# ABOUT THIS EXERCISE
As written and without pictures, set down the lines from the one that contains "薔薇物語 - Bara monogatari" through the end of the data.

# GIVEN INFORMATION

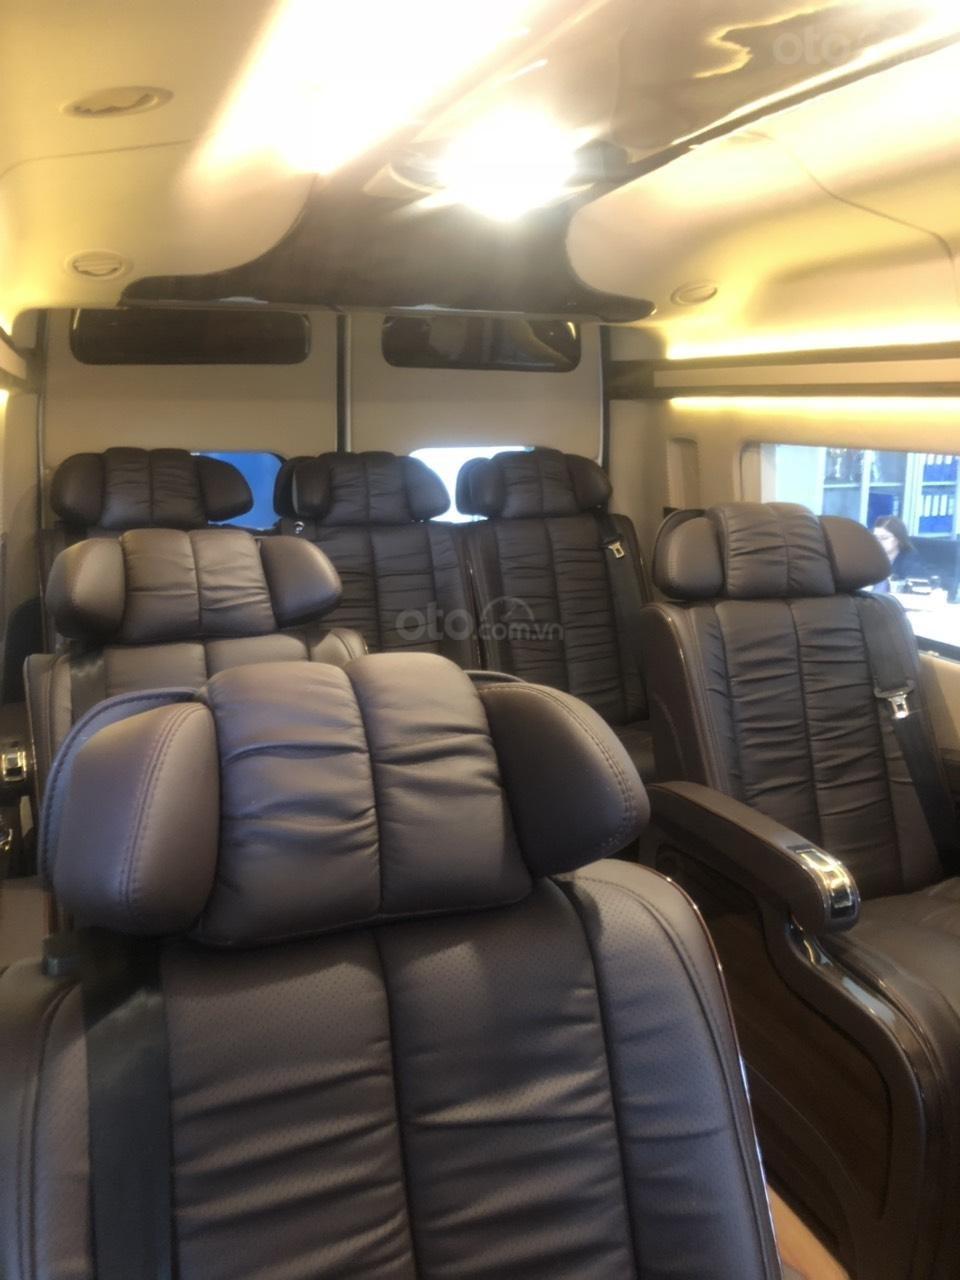 Transit Limousine 10 chỗ 2019 (2)
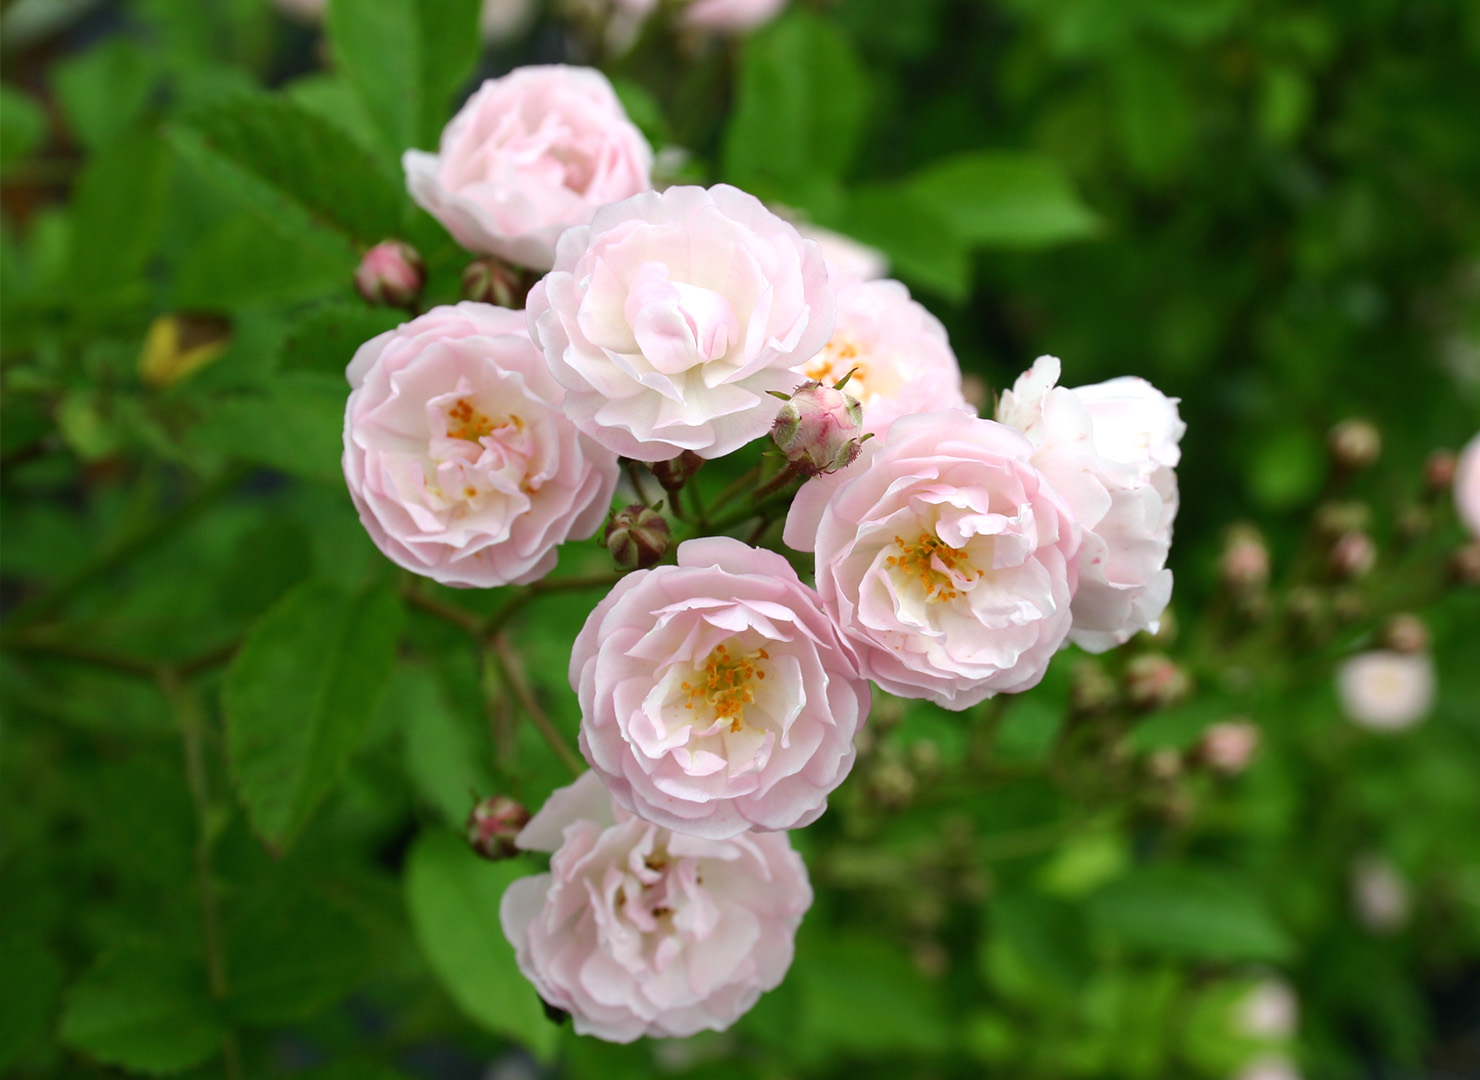 薔薇物語 - Bara monogatari
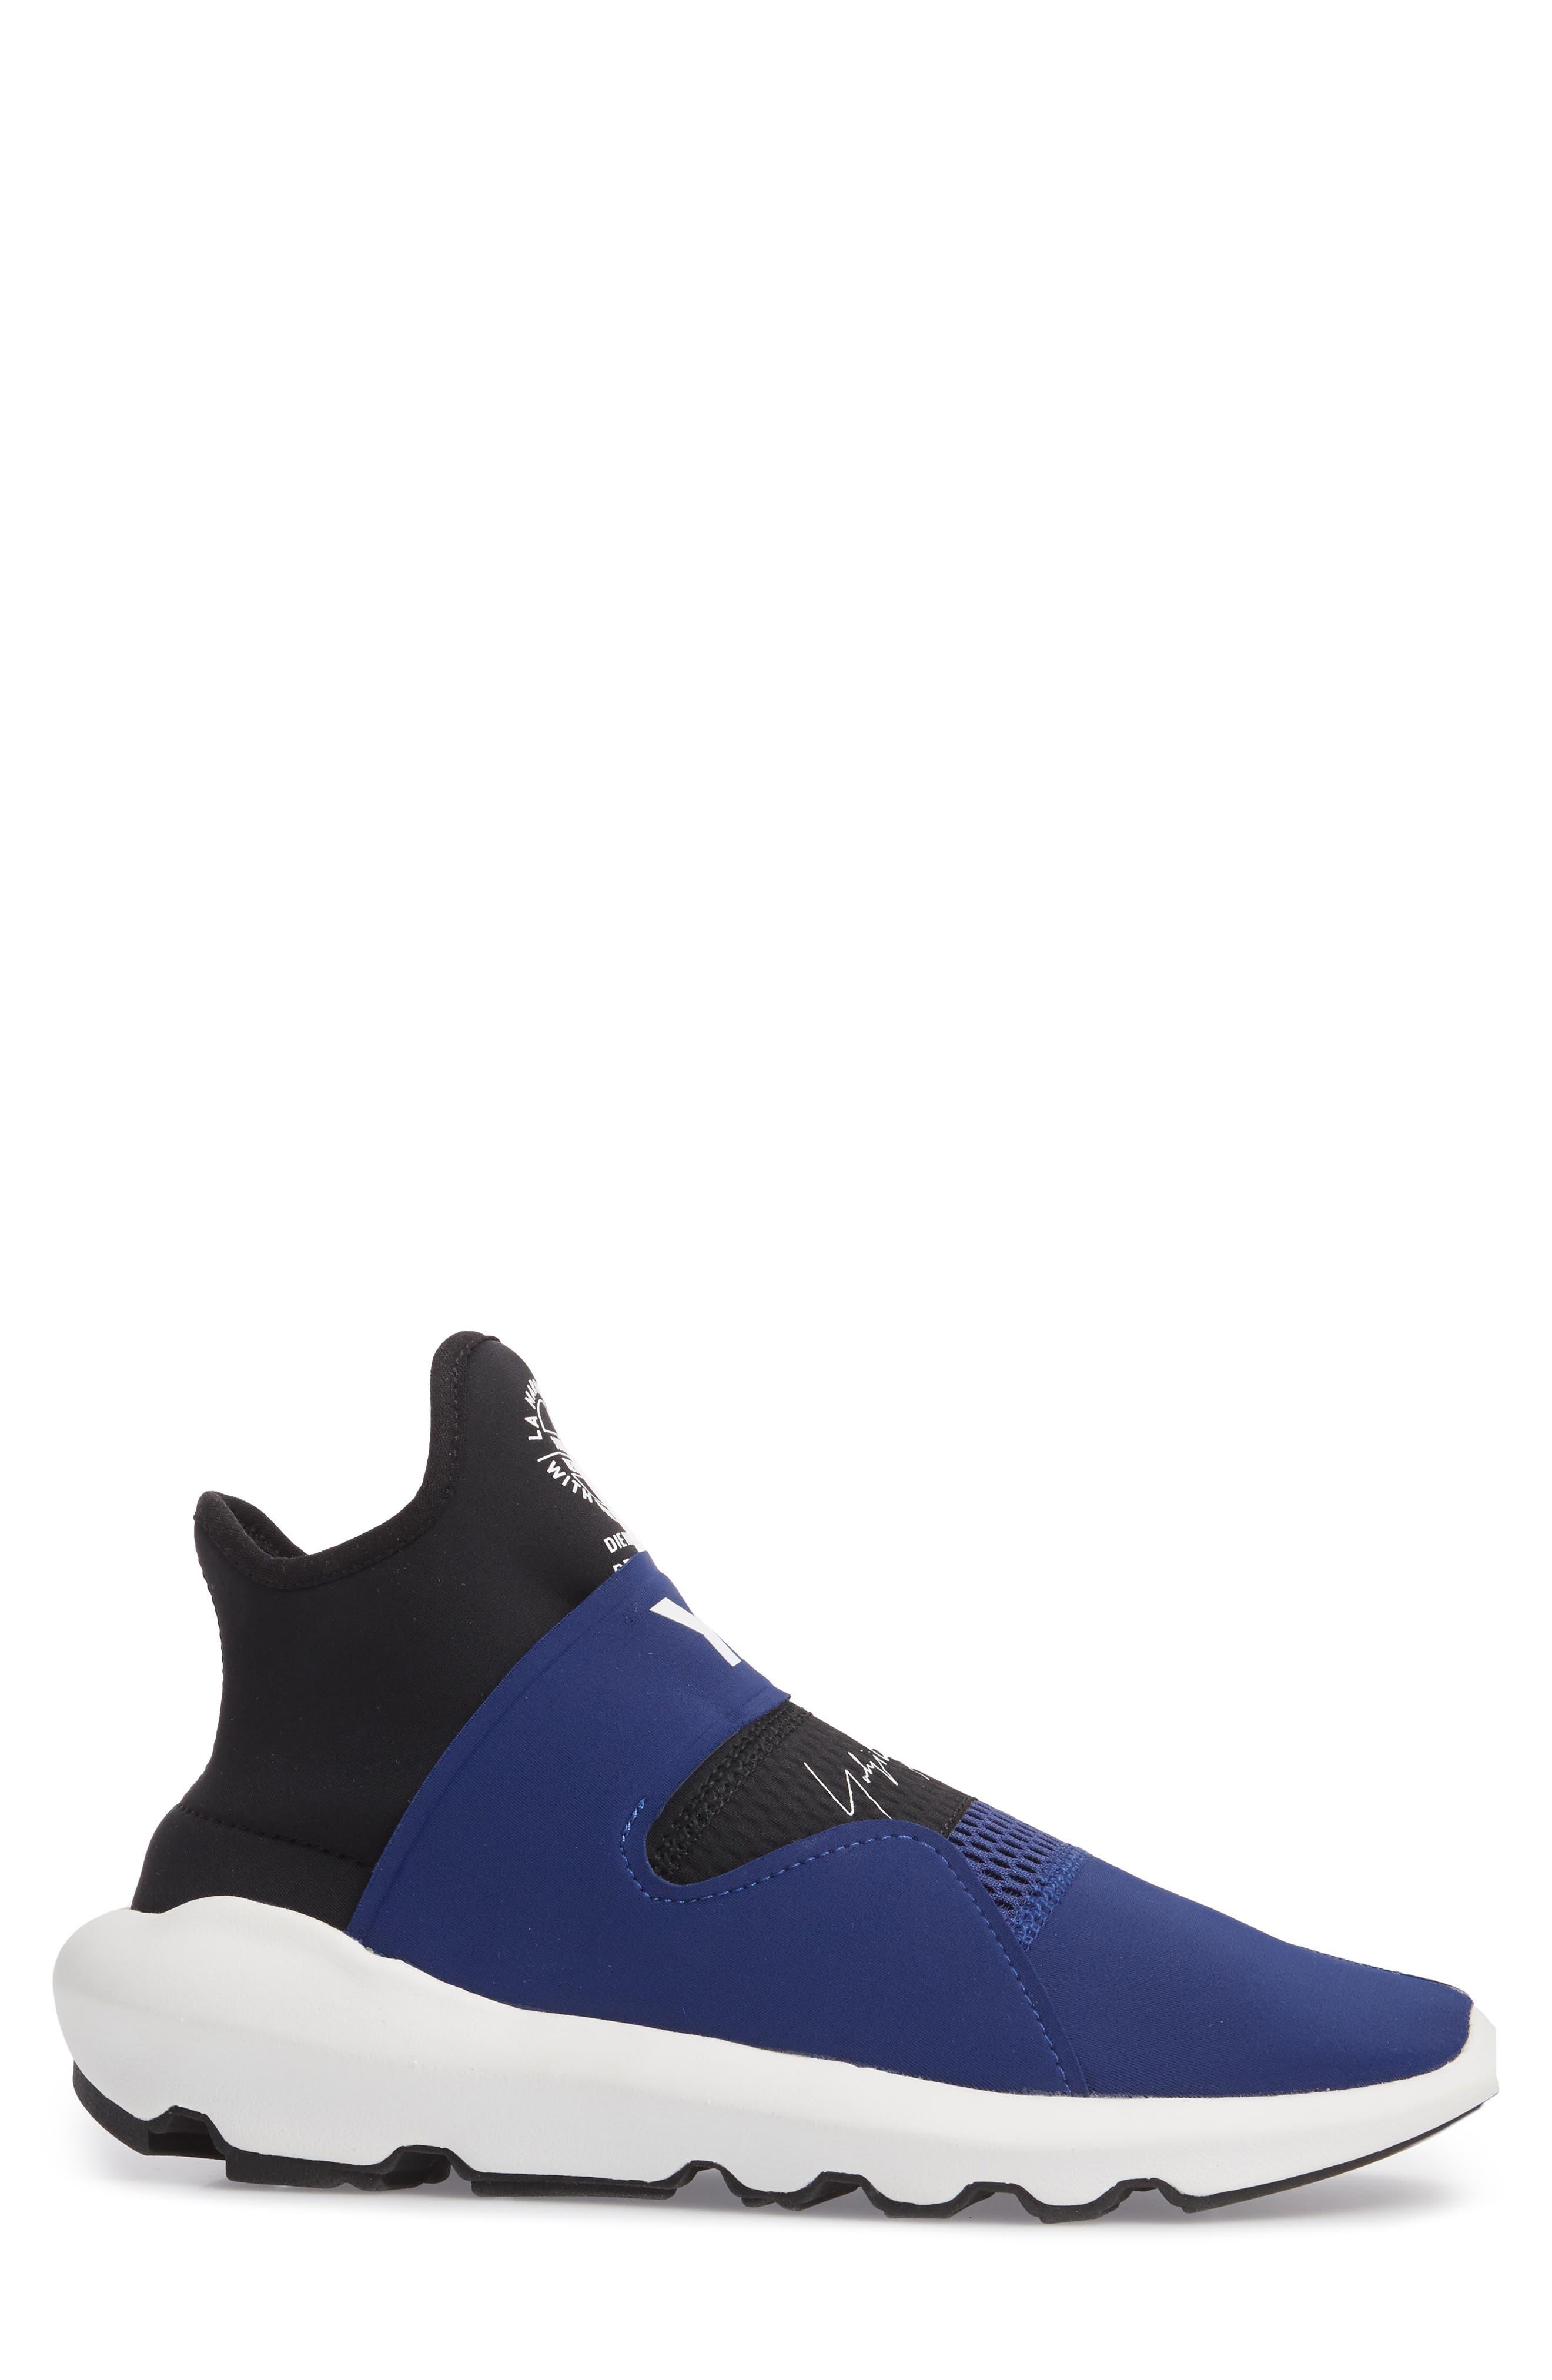 x adidas Suberou Sneaker,                             Alternate thumbnail 3, color,                             Unity Ink

# RESULT OF THIS TASK
 薔薇物語 - Bara monogatari
 x adidas Suberou Sneaker,                             Alternate thumbnail 3, color,                             Unity Ink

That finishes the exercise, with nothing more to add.